## THE PROBLEM
Output, exactly as written, the lines below from the one that has "On-line model of" through the one that has "Stella McCartney Kids"; nothing else, and no pictures.

## EXERCISE MATERIAL

Segment Open

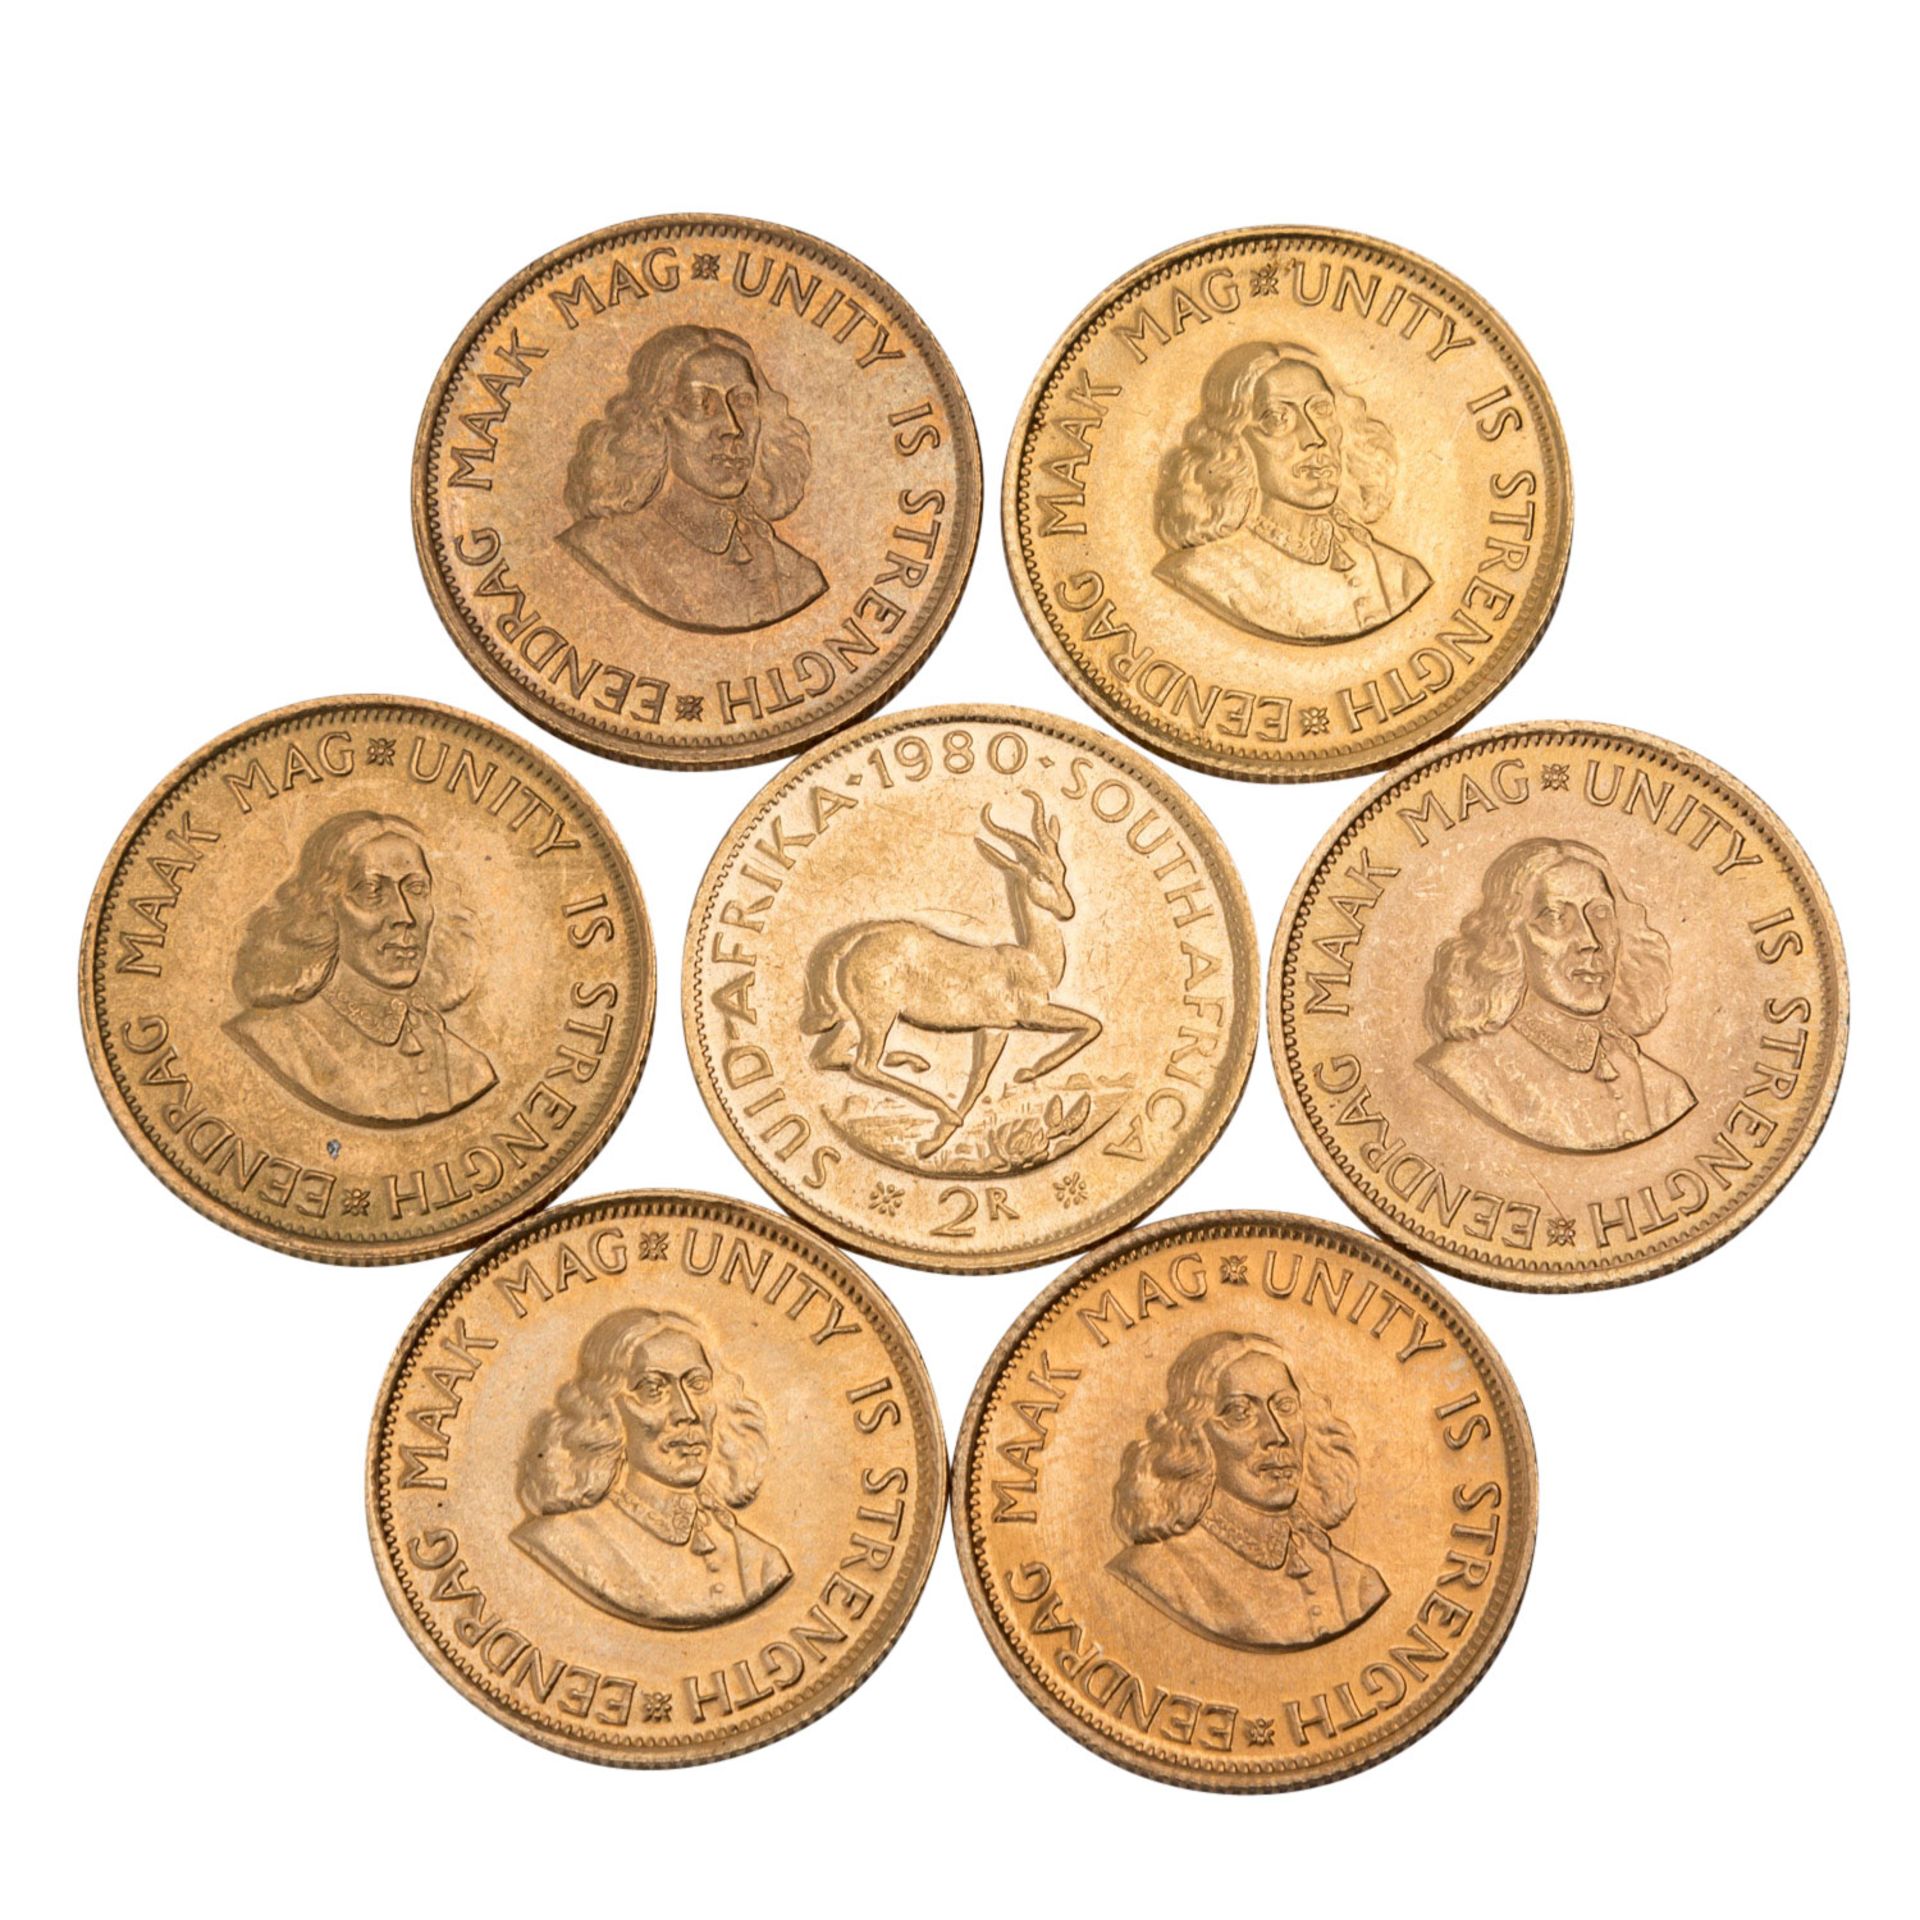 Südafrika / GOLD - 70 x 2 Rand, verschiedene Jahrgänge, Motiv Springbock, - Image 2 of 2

Segment Closed
Segment Open

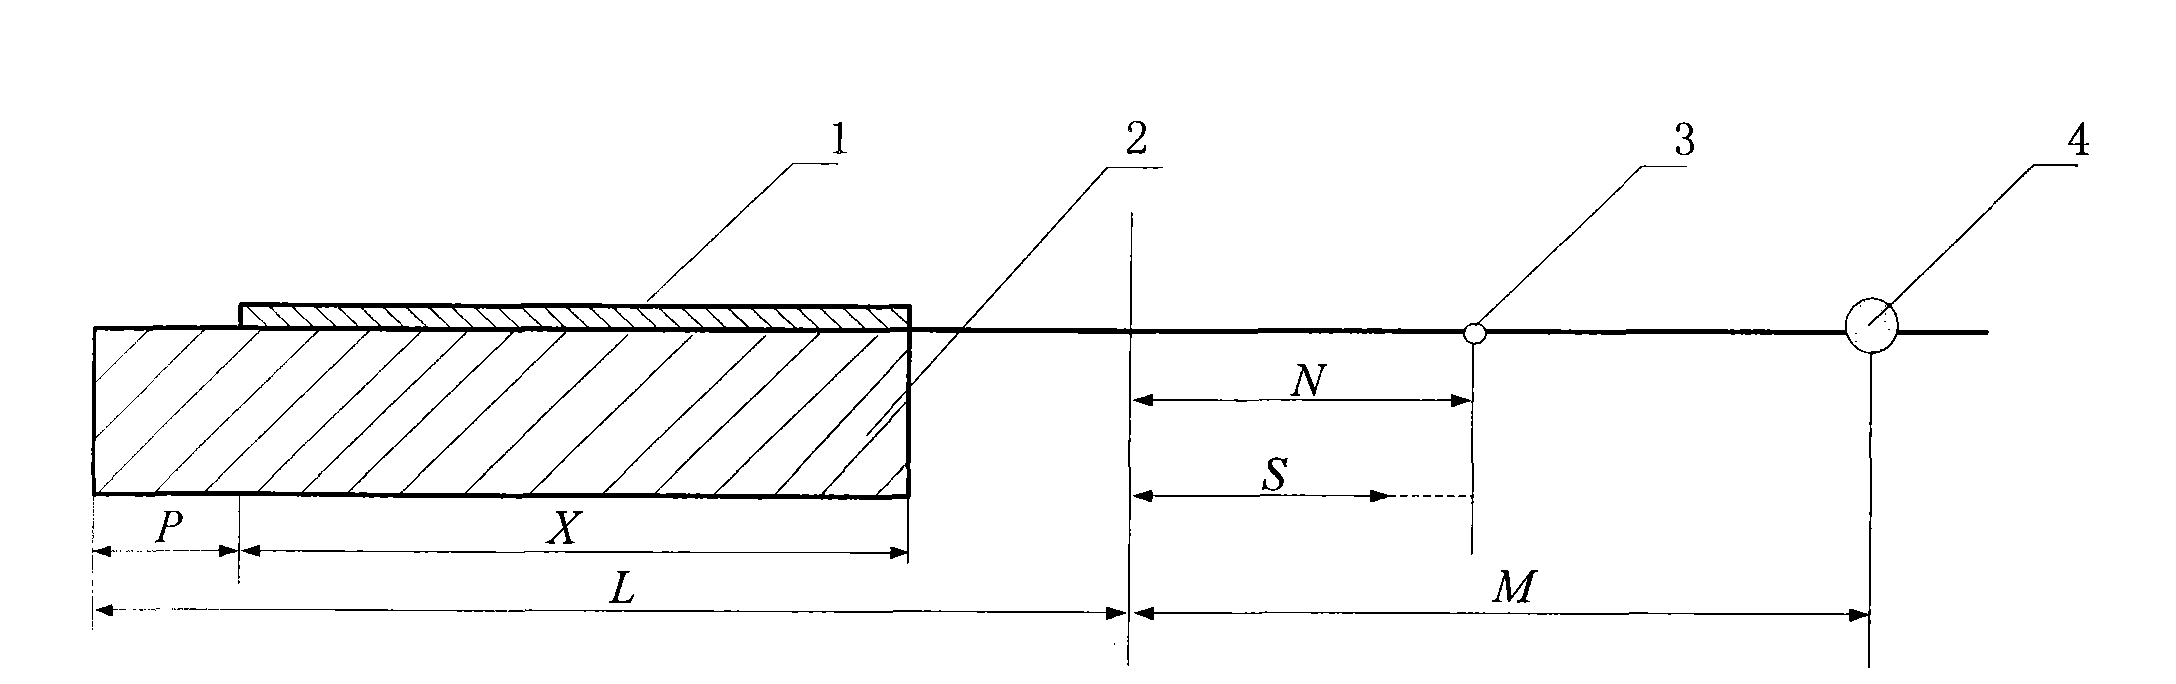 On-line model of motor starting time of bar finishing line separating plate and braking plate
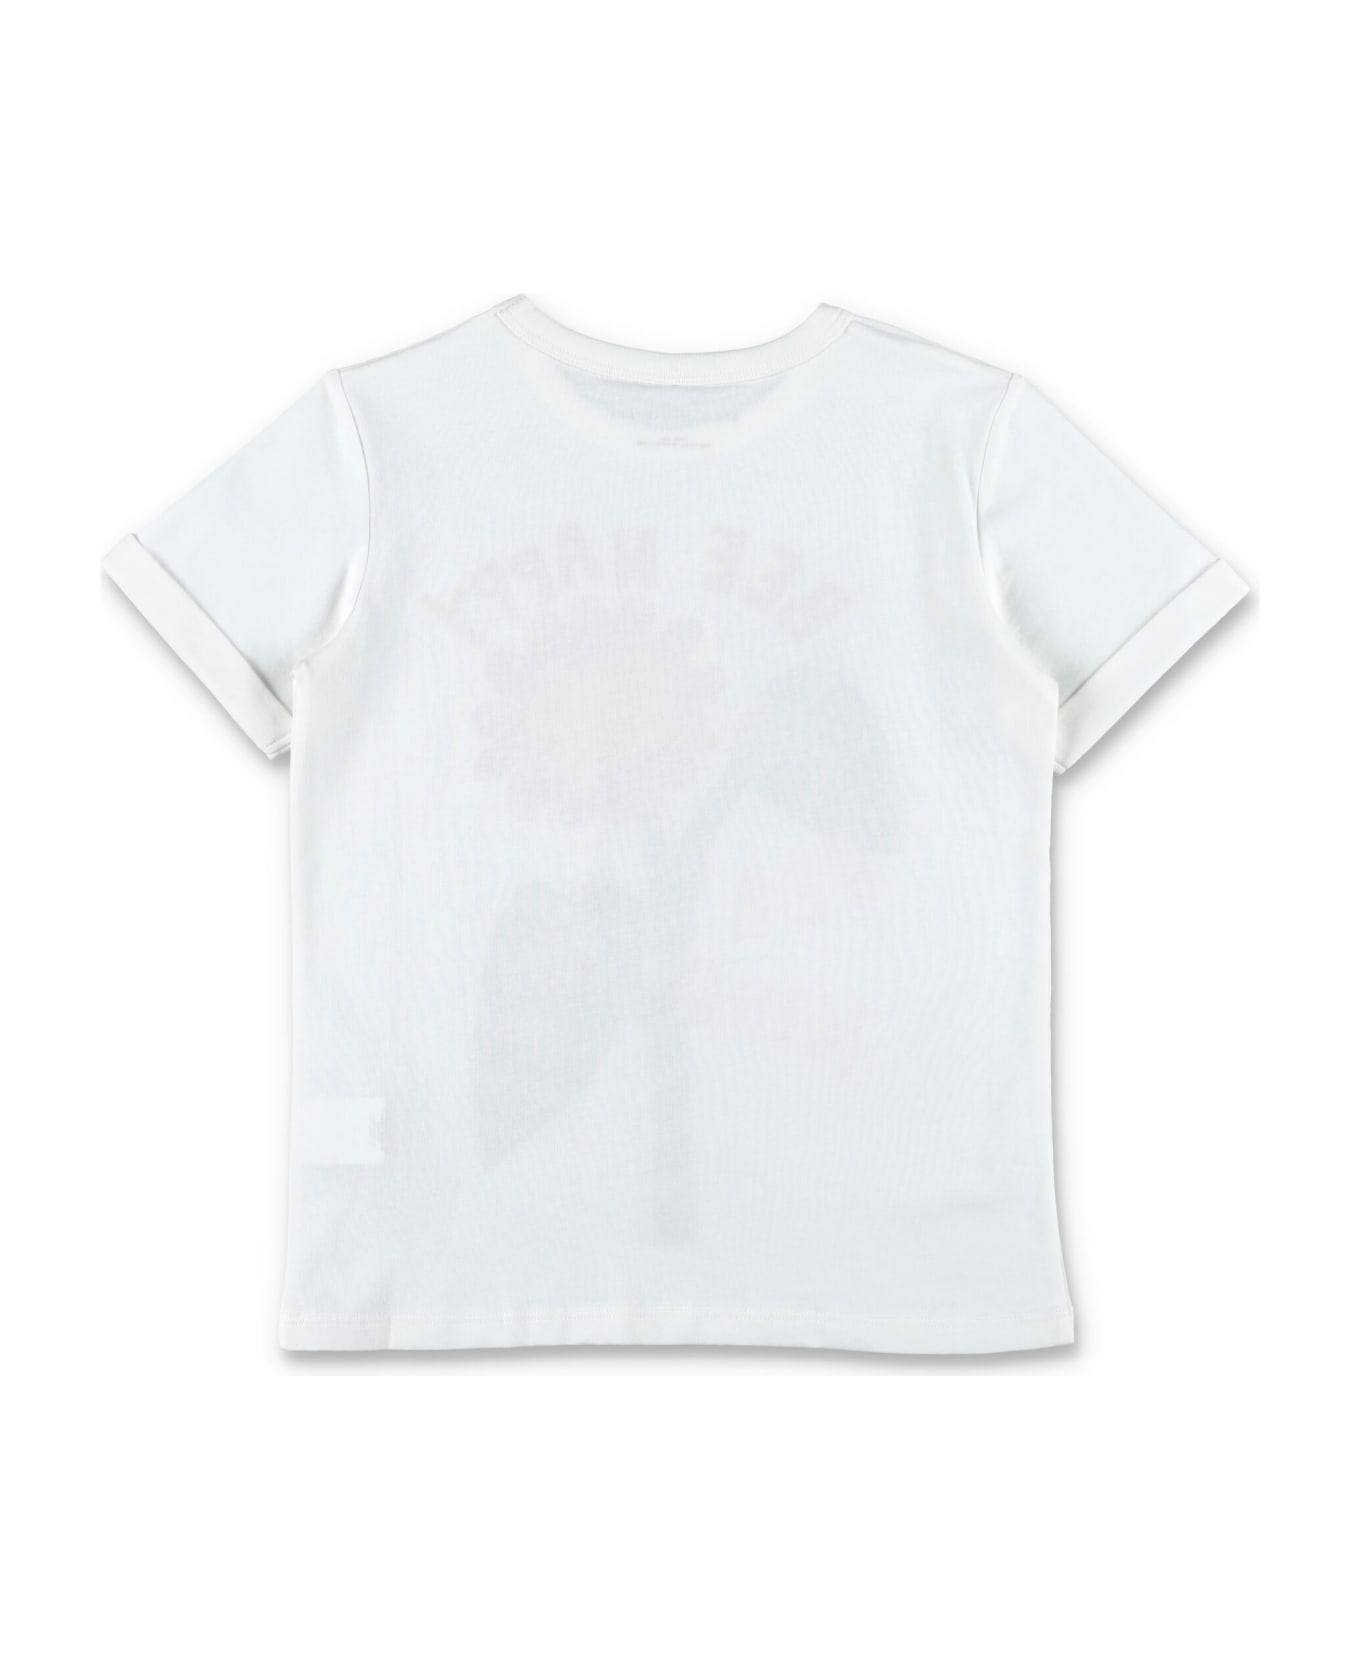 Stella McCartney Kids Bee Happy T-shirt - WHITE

Segment Closed

## RESULT OF THIS TASK
 On-line model of motor starting time of bar finishing line separating plate and braking plate
 Stella McCartney Kids Bee Happy T-shirt - WHITE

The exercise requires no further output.